1

I'm running Ubuntu 16.04 on a tiny device that the techs have placed on the very top of a server rack, it has become unresponsive 3 times in the last 4 days and with nothing logged saying it was shutting off.

The power light stayed on, etc... But I had no indication that the OS was functioning while it was not working (I only have atop and rsyslog actively logging).

I'm going to give them back the device with "sensors" running in a cronjob logging to a file until I can prove this is why it's getting turned off. But, before I do, should I have known that the machine was turning off because of some acpi shutdown trigger that ought to have been logged.

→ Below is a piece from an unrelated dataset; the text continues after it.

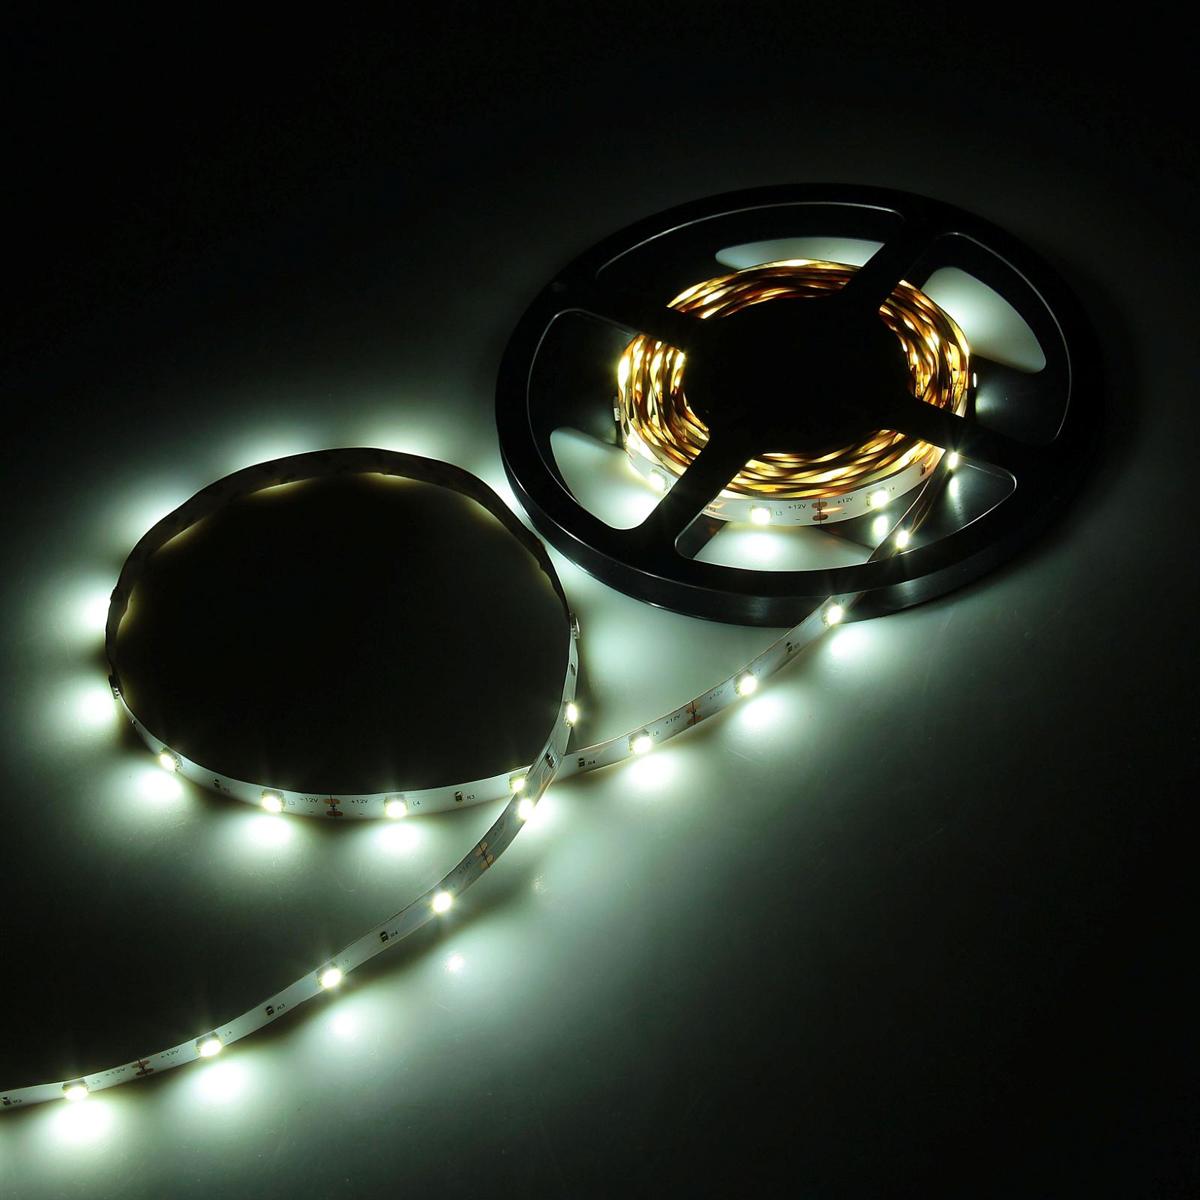 Светодиодная лента Luazon, 12В, SMD5050, длина 5 м, IP33, 30 LED ламп, 7.2 Вт/м, 14-16 Лм/1 LED, DC, цвет: белый883919Светодиодные гирлянды, ленты и т.д — это отличный вариант для новогоднего оформления интерьера или фасада. С их помощью помещение любого размера можно превратить в праздничный зал, а внешние элементы зданий, украшенные ими, мгновенно станут напоминать очертания сказочного дворца. Такие украшения создают ауру предвкушения чуда. Деревья, фасады, витрины, окна и арки будто специально созданы, чтобы вы украсили их светящимися нитями.

I'm guessing this might be hardware specific, but it seems strange that I'm not getting any sort of trigger from the kernel that it's about to go casters up.

Peter Turner
  • 576
  • 1
  • 9
  • 20
  • Does this 'tiny device' have a baytrail processor from Intel? – WinEunuuchs2Unix Mar 01 '17 at 20:41
  • @win yeah, I think so. It's an atom E3825 – Peter Turner Mar 02 '17 at 14:09
  • You need this solution: http://askubuntu.com/questions/803640/system-freezes-completely-with-intel-bay-trail but I have new info about kernels 4.8, 4.9 and 4.10 to link later when I find it again. – WinEunuuchs2Unix Mar 02 '17 at 15:53
  • OK, I had noticed that before Ubuntu 16.04 LTS came around, in my experience it was fixed. Glad to know there was a fix for it, but I think this was heat related, I've got about 15 of these puppies out in the field right now and the ones with good ventilation aren't hanging. Also, I think when that sleep state thing happens, the computer continues to function. (if not, then it's a different bug I've experienced) – Peter Turner Mar 02 '17 at 17:36
  • The documented side effect of intel idle max kernel parameter is increased heat if iirc. – WinEunuuchs2Unix Mar 02 '17 at 18:11
  • If you think it's hardware specific, do you think [edit]ing a link to a pastie containing the output of sudo lshw might be useful? – Elder Geek Mar 14 '17 at 14:02
  • @elder company firewall blocks pastebin and most other sharing sites, I could do a github gist, but that's probably against the spirit of the site. Is there a particular part of lshw that would be useful I could edit in? I see some ACPI stuff and the processort description. – Peter Turner Mar 14 '17 at 14:22
  • I can't find anything that would indicate that that course of action would be against the spirit of the site. I did however find this which seems to indicate that using a github gist is perfectly acceptable. – Elder Geek Mar 14 '17 at 15:46

1 Answers1

0

I'm not sure what policy this site has on "original research" but...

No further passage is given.